◆ **DATASET EXCERPT**:
● ● ● ● ● ● ●

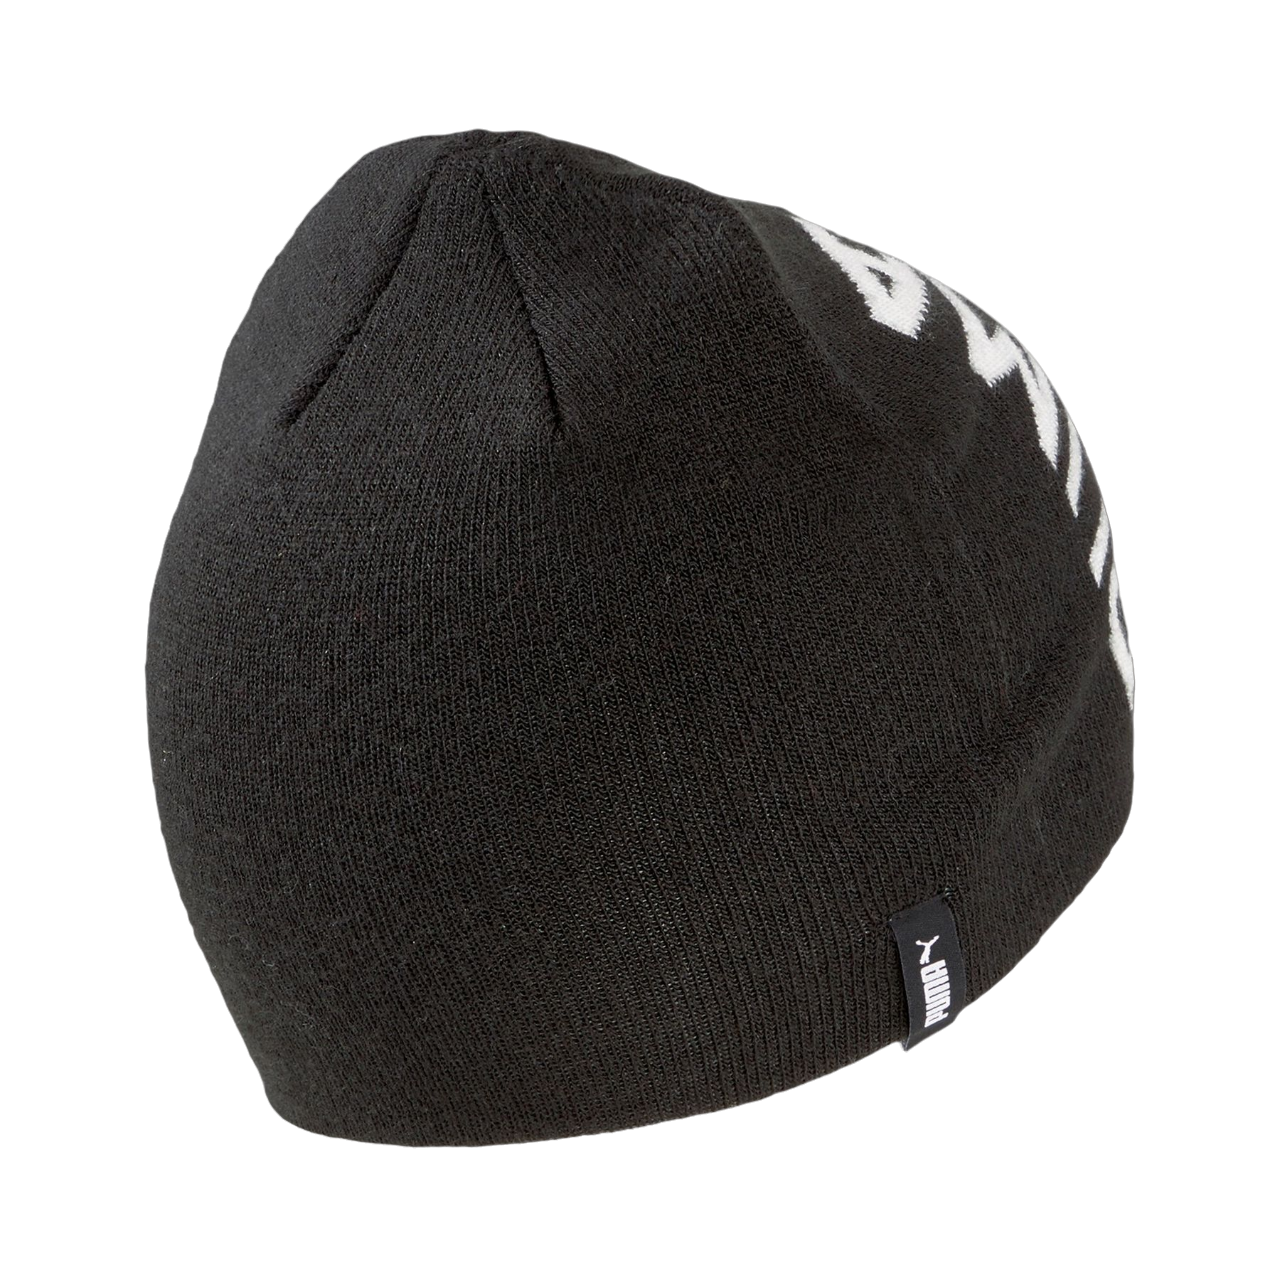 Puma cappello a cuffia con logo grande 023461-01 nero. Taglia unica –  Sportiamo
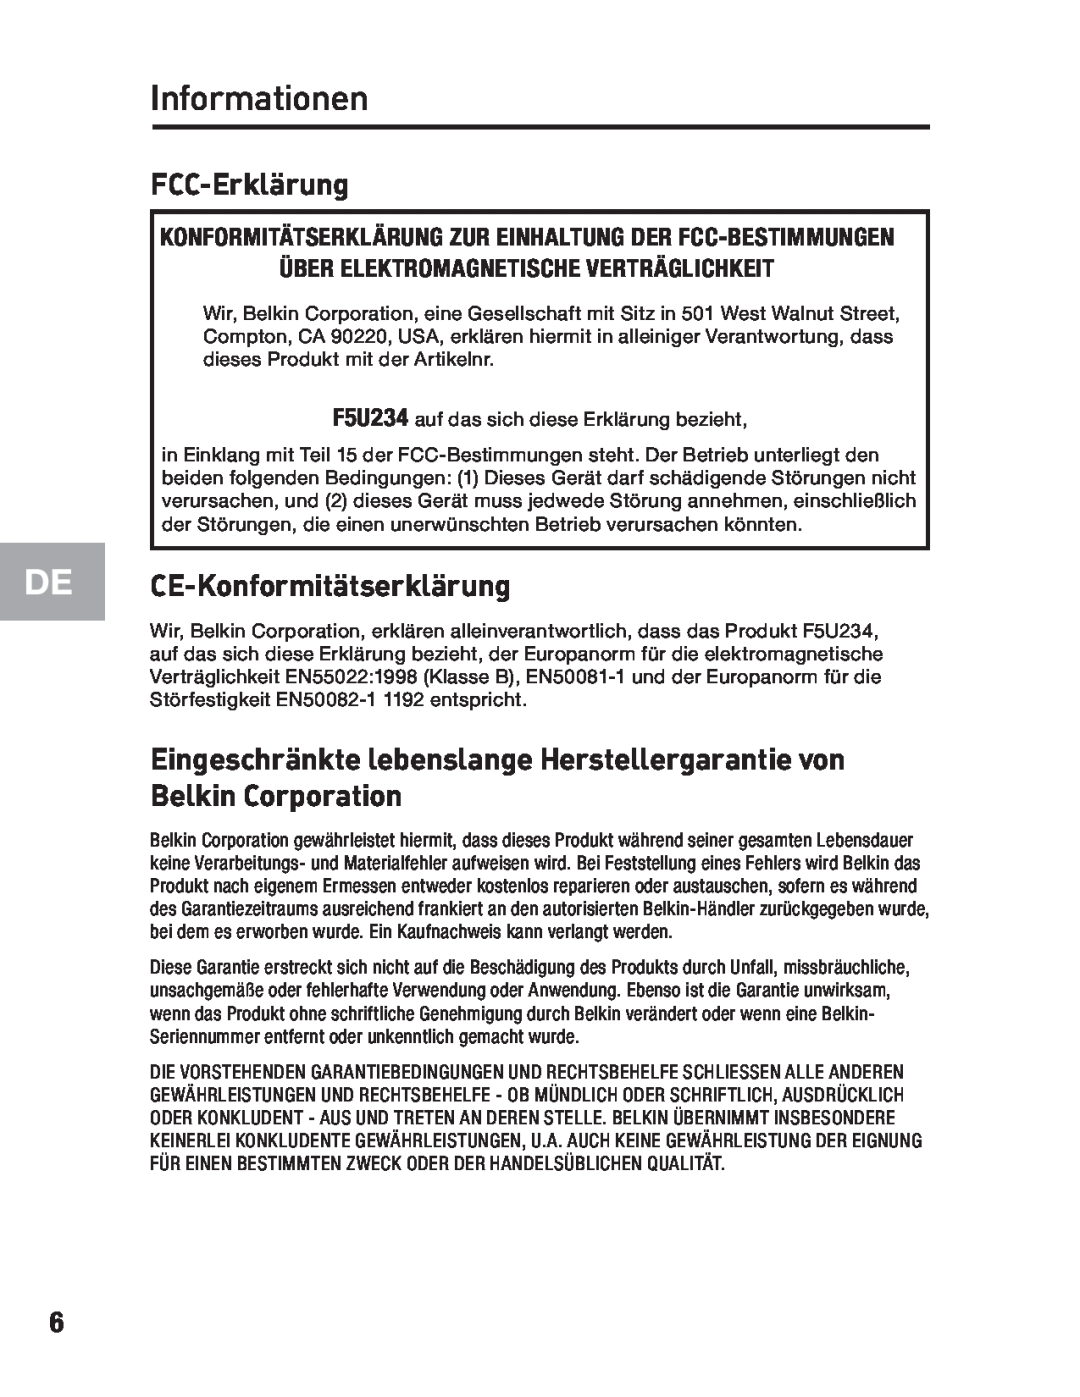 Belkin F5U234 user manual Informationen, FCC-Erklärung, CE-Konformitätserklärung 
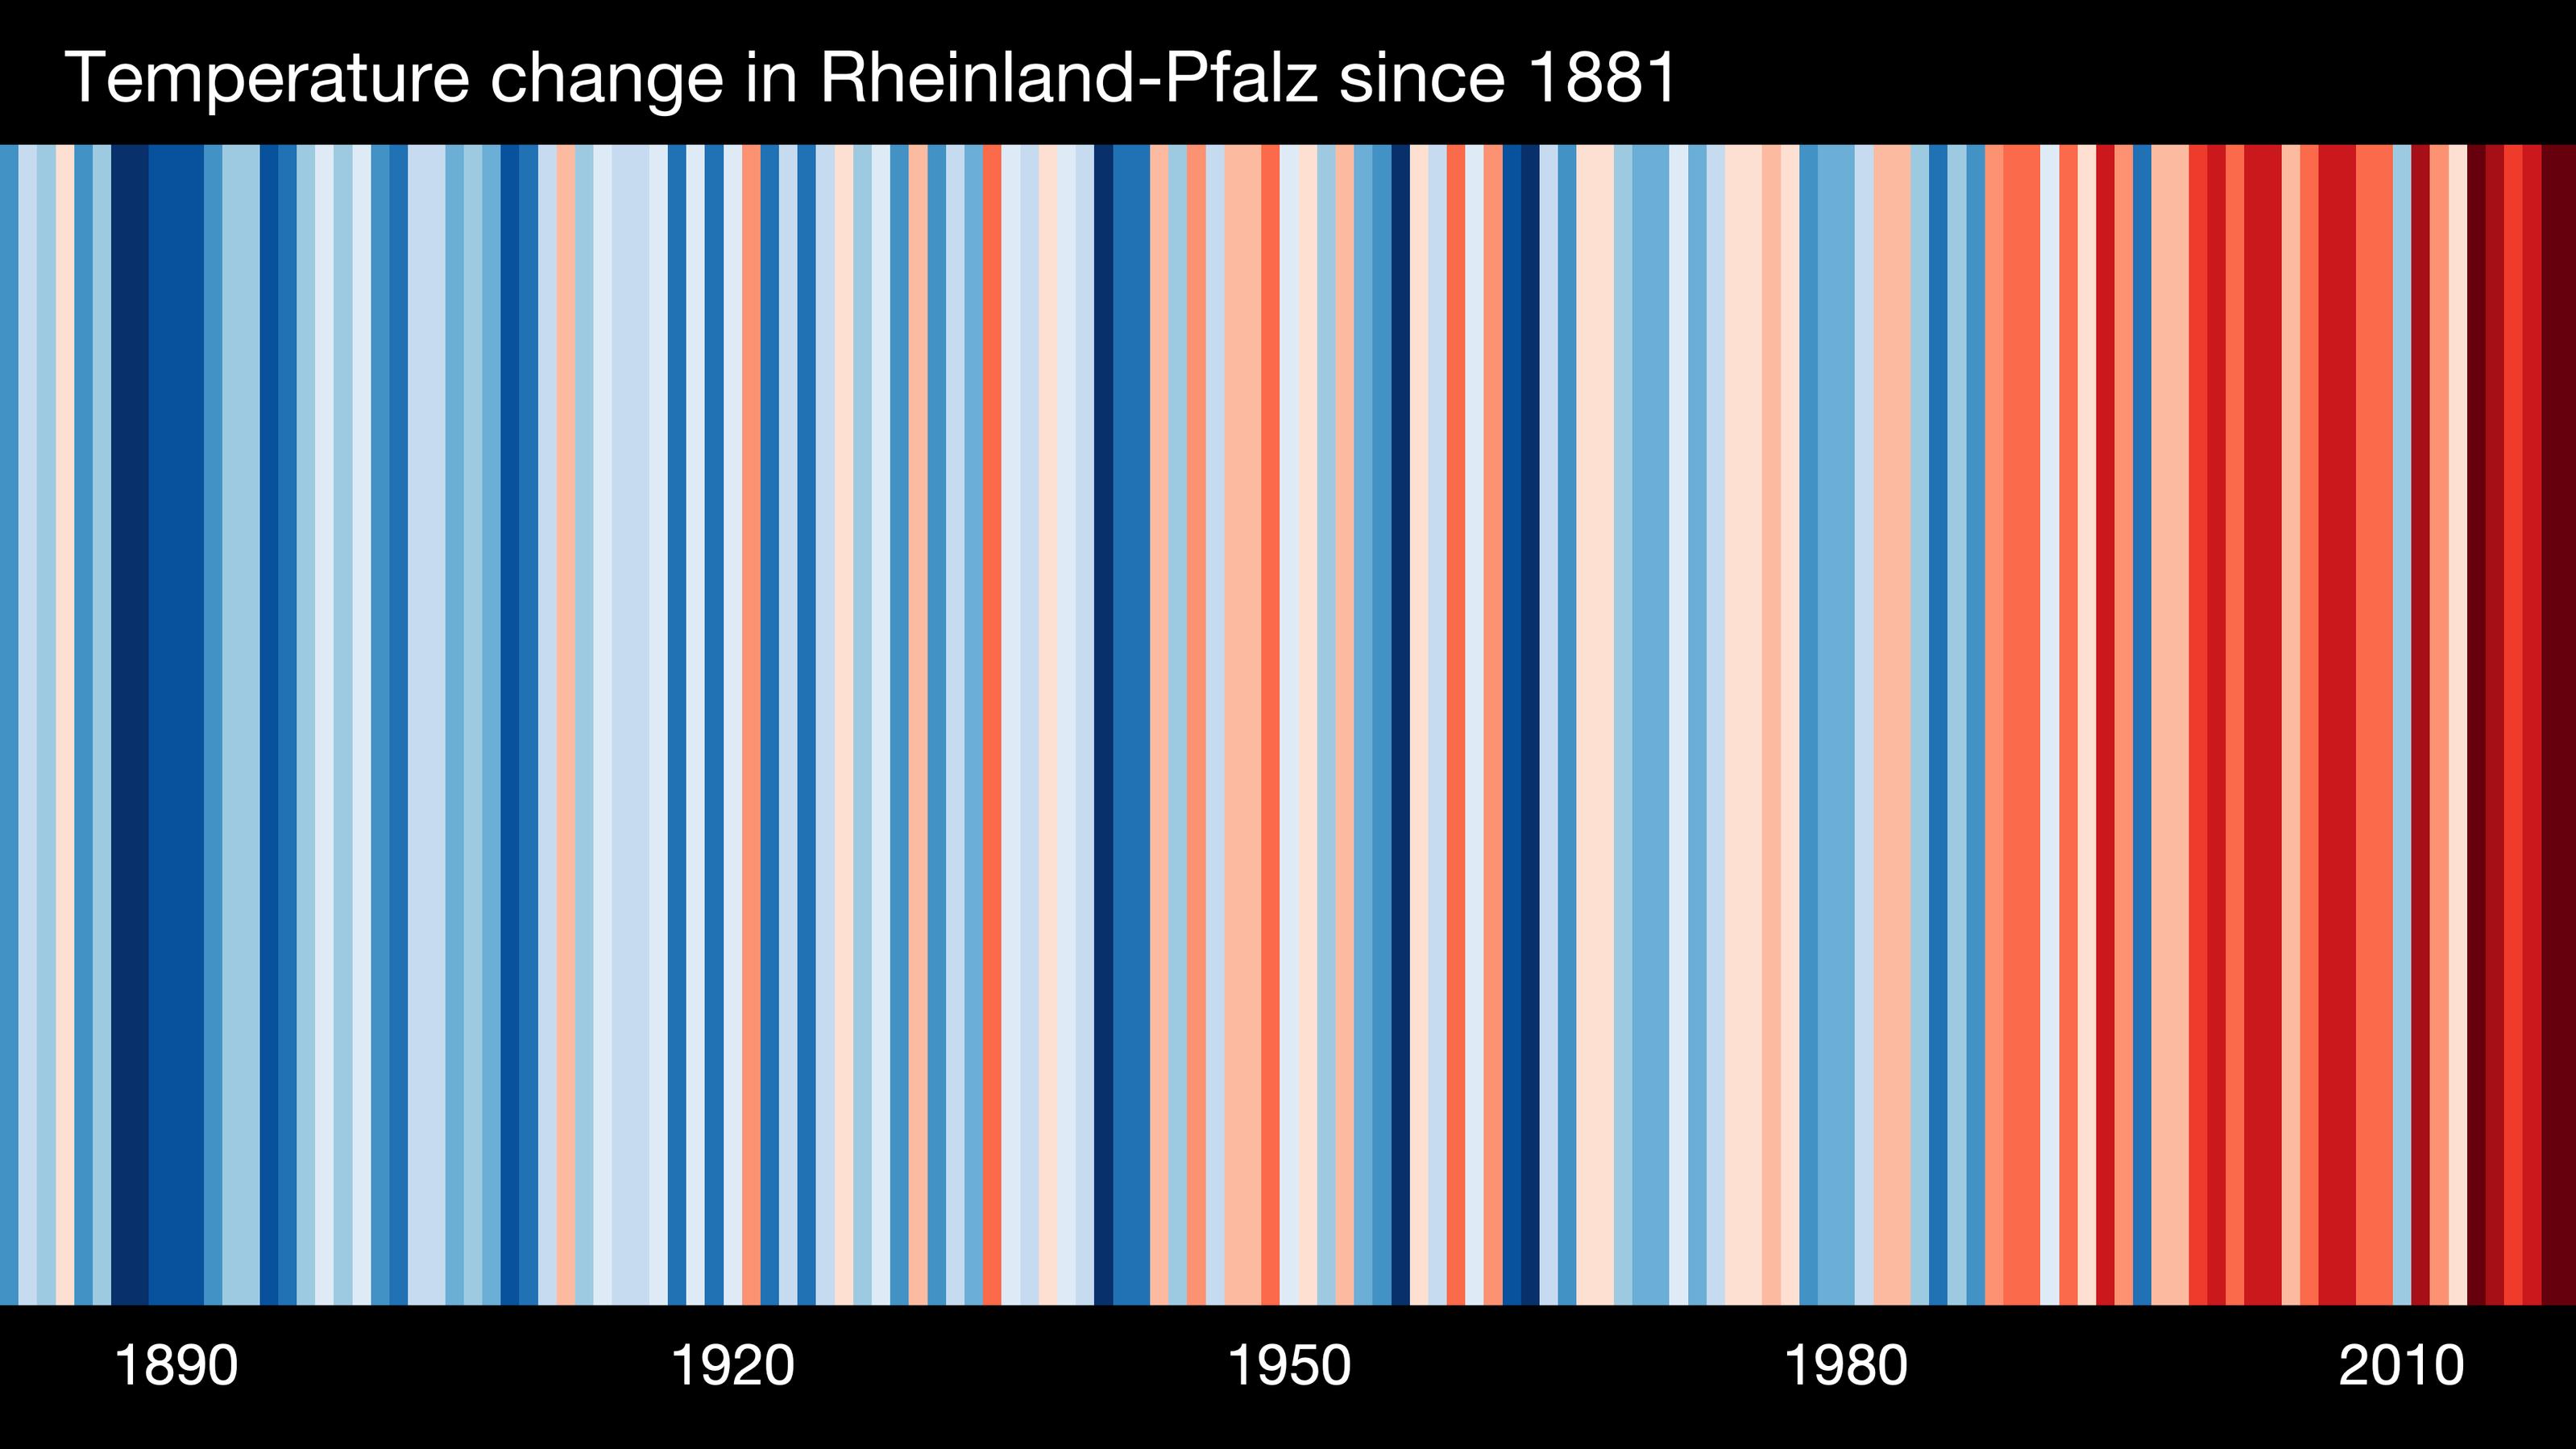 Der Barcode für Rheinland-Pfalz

● ● ● ● ● ● ●

◆ **WHAT THE TASK ASKS**:
Omit the pictures, and quote the material above exactly as given.

◆ **TASK ANSWER**:
 Puma cappello a cuffia con logo grande 023461-01 nero. Taglia unica –  Sportiamo
 Belkin F5U234 user manual Informationen, FCC-Erklärung, CE-Konformitätserklärung 
 Der Barcode für Rheinland-Pfalz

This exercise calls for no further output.